This article – published in (2017) Common Market Law Review 54 11 – looks at the relationship between privacy and competition law (in the EU). The authors state that, instead of getting into a discussion of whether public policy considerations regarding data privacy should be considered as part of consumer welfare, they are looking instead at the elective affinities between privacy and competition law. Curiously, they seem to reach a conclusion related to competition assessment (i.e. the impact of data protection on consumer welfare): “data protection conditions offered to individuals can reflect the parameters of quality, choice, and innovation”
The paper makes two primary arguments:
- that data protection law– a framework designed to identify and achieve an optimal level of personal data protection – can provide the normative guidance that competition law lacks in relation to non-price competitive parameters;
- it develops a normative benchmark to assess whether certain competition law commitments and remedies should be accepted.
The structure of the paper is as follows: after the introduction, a first section identifies the common characteristics of data protection and competition law. This section acknowledges the differences in scope and methods of data protection and competition law, but argues that “the level of data protection offered to individuals is also subject to competition. Thus, even the aspects of data protection law that ostensibly relate to non-economic concerns – such as the conditions governing the processing of personal data – may be parameters of competition.” They also identify a number of common objectives to both EU data protection and competition law. Given the commonalities and intertwining of data protection and competition law, they move on to argue that “data protection can have a normative influence in assessing anti-competitive behaviour [related to competition on data protection parameters]”. To demonstrate this, they distinguish between the role of data in assessing market power (which has been the main focus of the literature on the topic) and as a parameter of competition.
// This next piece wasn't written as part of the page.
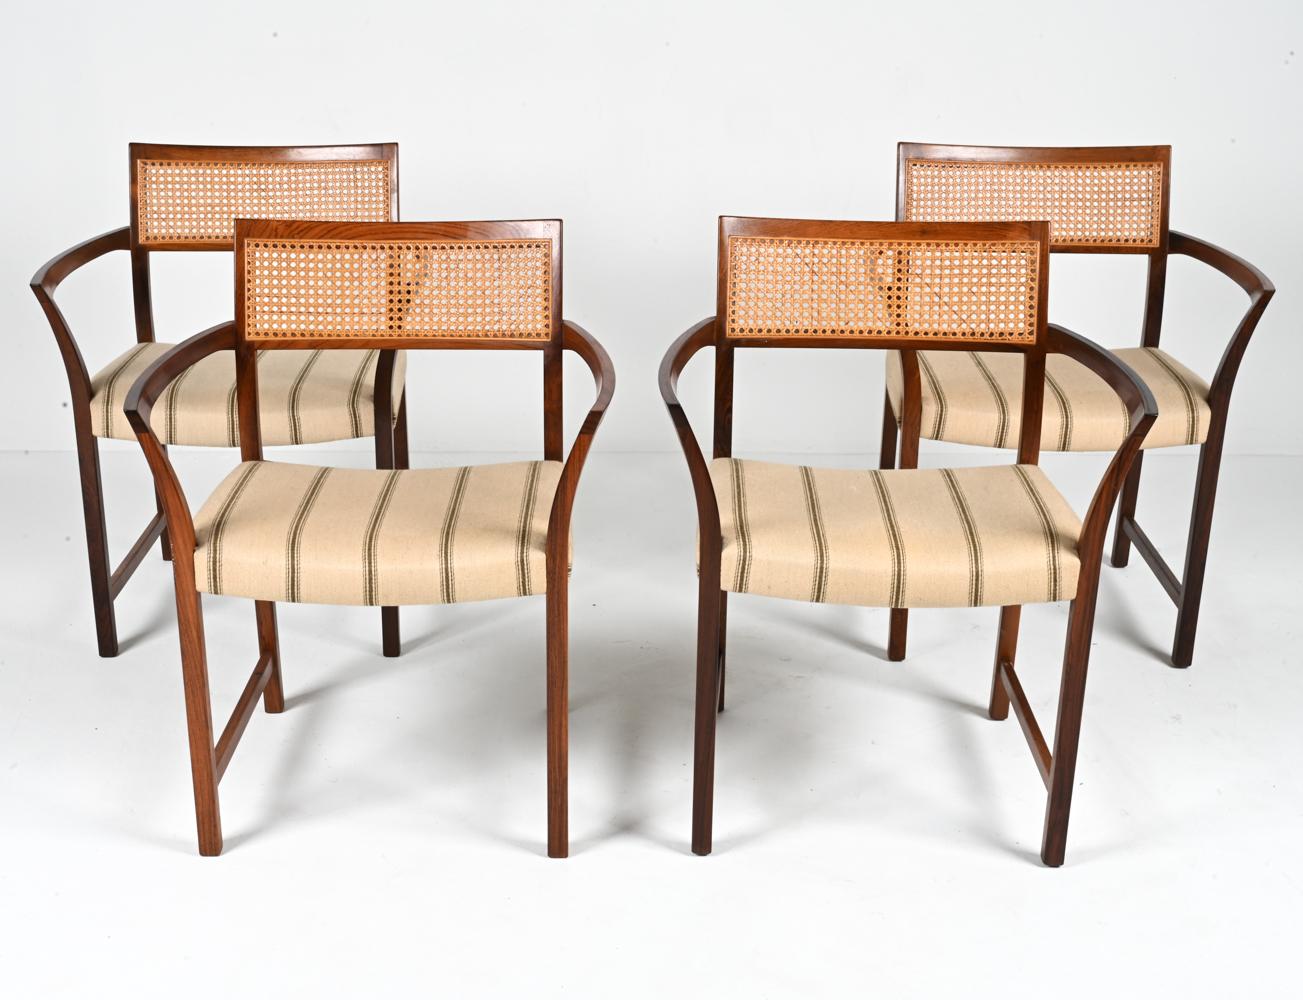 Step into the golden era of design with this exquisite set of four Illum Wikkelsø Danish armchairs from the 1950s. Emanating sophistication and the quintessential elegance of Mid-Century Modern aesthetics, these chairs are a rare find for the

They then move to develop a framework within which privacy considerations can be inserted into competition assessments – based on data protection law. The authors start from the fact that most data processing requires consent under the law. They take this to mean that data processing terms are contractual, offers and that data protection rules could provide an adequate yardstick to determine whether a competition infringement has taken place. I confess to some difficulties in following their reasoning, but the basic idea seems to be that agreements and practices by dominant parties that infringe data protection law should merit particular scrutiny. This is then followed by a section on the role that the EU Charter of Fundamental Rights regarding personal data rights can have in limiting the types of admissible remedies and commitments under EU Competition Law.
The article echoes what seems to be the position behind the German case against Facebook. However, it does not address one of the main concerns raised regarding this case: whether it is possible to develop a theory of harm based on privacy considerations alone. After all, saying that data protection rules provide a useful yardstick to guide enforcement action does not really amount to providing a standard that can be used to distinguish between pro- and anti-competitive practices, or to balance price and non-price competitive dimensions.
I would also have liked to have seen other arguments made in the article be more developed. For example, the authors argue that EU competition law and data protection rules share, as common objectives: “promoting market integration, protecting individuals, and tackling power asymmetries”. However, this exact sentence could be applied to the relationship between EU competition and consumer protection law, but I never heard anyone argue that the use prohibited consumer contract clauses should be relevant to identify infringements of competition law. This is not to say that this could not be a relevant consideration, but I would have liked to better understand what a theory of competitive harm based on this would look like.
Despite my obvious inability to fully agree with the article’s main argument, I very much respect how the article attempts to deal head-first with an important issue: even as we acknowledge privacy as a relevant parameter of competition, we lack the normative tools to assess non-price parameters related to data protection. The authors try to develop exactly such a normative tool – without much success, in my opinion, but they do make a valiant effort.